Any amount may be grounds for loss of tax-exempt status and, in addition, may result in the imposition of self-dealing excise taxes (equal to 100% of amount of benefit received) on individuals benefiting from certain transactions with a private foundation.

Matt’s analysis is reflective of Reilly’s Eleventh Law of Tax Planning – “Pigs Get Fed – Hogs Get Slaughtered”.

Matt thinks, as do I, that there is not really great tax planning going on here, despite it apparently working for many years.

If his intent is to get income to his children, there are better, less risky ways of doing in including using a long-term reversionary trust, an low or no interest loan, or even hiring the child to work for a family business full or part time.

Other Coverage

Not being, until now, a regular Globe reader, I picked up this story while I was out and about listening to Jim Braude and Margery Eagan on WGBH.  The Philanthropy News Digest had a summary of the article.
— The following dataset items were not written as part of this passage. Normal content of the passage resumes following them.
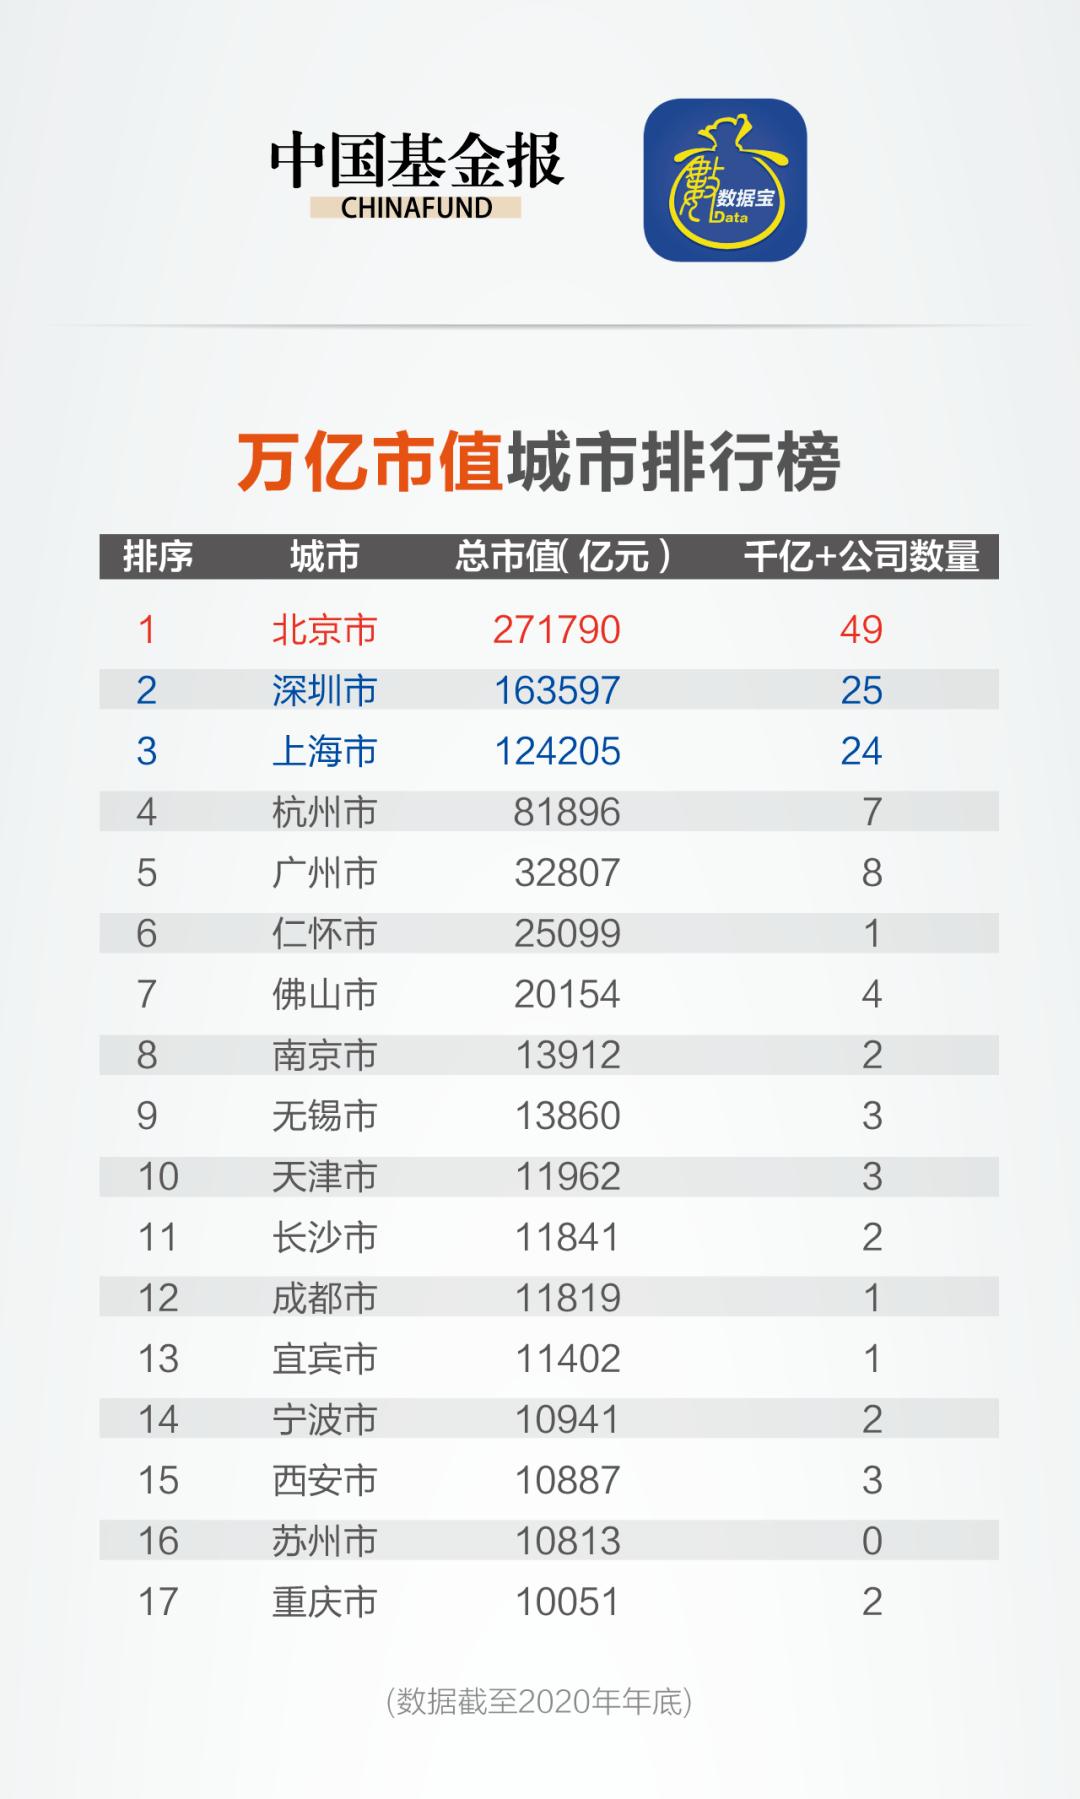 """重磅榜单!深圳上海彻底火了:市值狂增8万亿!更有这9大城市,首次突破1万亿,无锡、宜宾最""""亮眼""""…"""
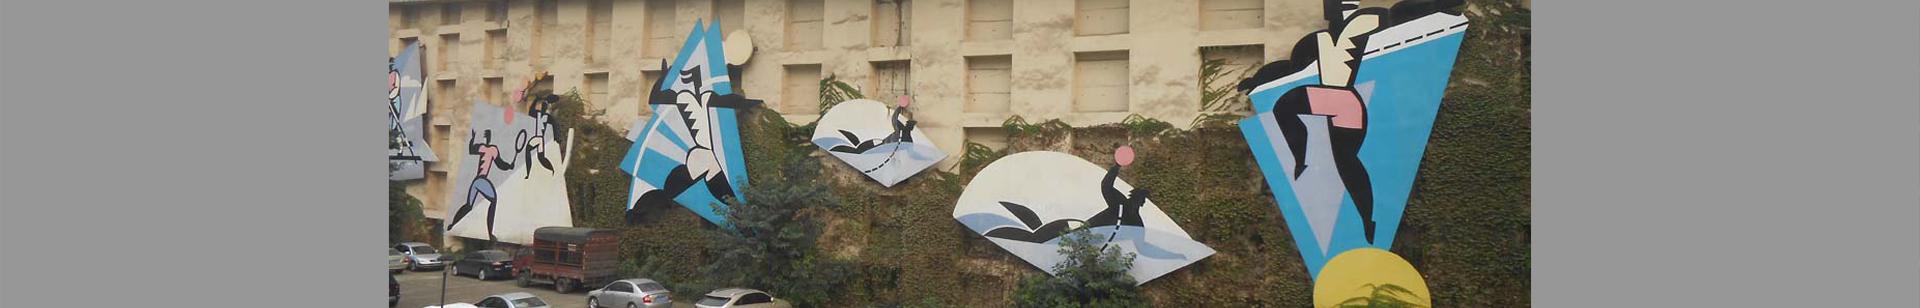 重庆墙绘公司
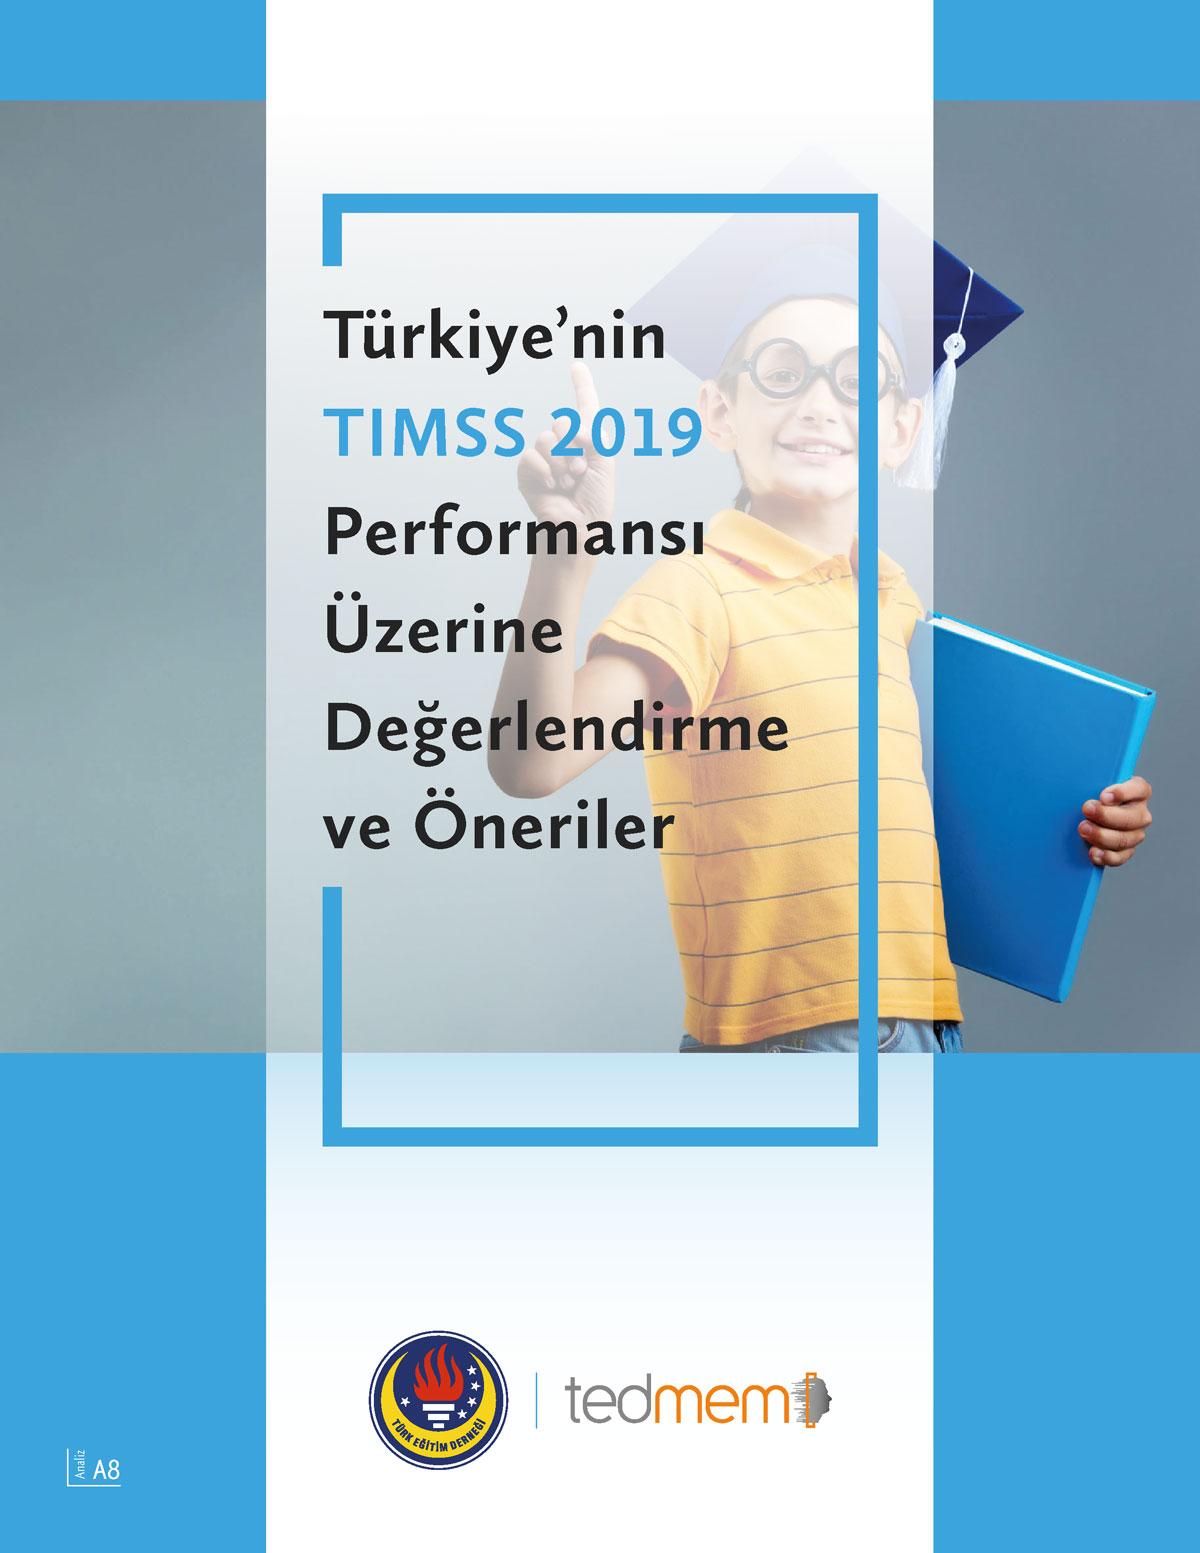 Türkiye'nin TIMSS 2019 Performansı Üzerine Değerlendirme ve Öneriler

That the Globe is behind a paywall might be a factor in the story not spreading.  Thanks to Sacha Pfeiffer, I’m springing for the Globe now, but I’m hoping that will be the end of that.  These charges are killing me.

About Spotlight

To go a bit off-topic, I have to say that I really liked Spotlight the movie. I particularly appreciated the street scenes in Boston and the part about Boston College High School.  In my class at Holy Cross, BC High was the only high school contingent larger than my bunch from Xavier High School in New York. My covivant and I were visiting the Grand Canyon and I ended up striking up a conversation with a long-time member of the BC High faculty.
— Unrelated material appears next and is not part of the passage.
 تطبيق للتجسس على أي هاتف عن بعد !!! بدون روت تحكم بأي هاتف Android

He had noted my Red Sox hat, which I wear as a regional marker when I am not in New England (When I am in New England I wear a Mets hat to show my heritage). At any rate, he indicated that he thought BC High was treated fairly in the film noting that overall they ended up looking a lot better than the Archdiocese.  It is also worth noting that the scandal of clergy sexual abuse is not just a Catholic thing, as is sometimes implied.  Catholicism is the largest Christian denomination in the country.  Number 2 is the Southern Baptists and as my blogging buddy, William Thornton indicates they too have their issues.